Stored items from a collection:
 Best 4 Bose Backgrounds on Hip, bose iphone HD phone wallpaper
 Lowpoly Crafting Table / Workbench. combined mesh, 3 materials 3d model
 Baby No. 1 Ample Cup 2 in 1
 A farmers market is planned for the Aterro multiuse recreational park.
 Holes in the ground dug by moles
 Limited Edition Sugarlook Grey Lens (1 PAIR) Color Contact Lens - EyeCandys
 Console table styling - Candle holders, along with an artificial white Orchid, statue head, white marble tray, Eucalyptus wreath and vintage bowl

* Problem requirements
Nothing but the exact lines of the data above, from the line containing "Baby No. 1 Ample Cup 2 in 1" through the last, should appear in the answer.

* Final answer
 Baby No. 1 Ample Cup 2 in 1
 A farmers market is planned for the Aterro multiuse recreational park.
 Holes in the ground dug by moles
 Limited Edition Sugarlook Grey Lens (1 PAIR) Color Contact Lens - EyeCandys
 Console table styling - Candle holders, along with an artificial white Orchid, statue head, white marble tray, Eucalyptus wreath and vintage bowl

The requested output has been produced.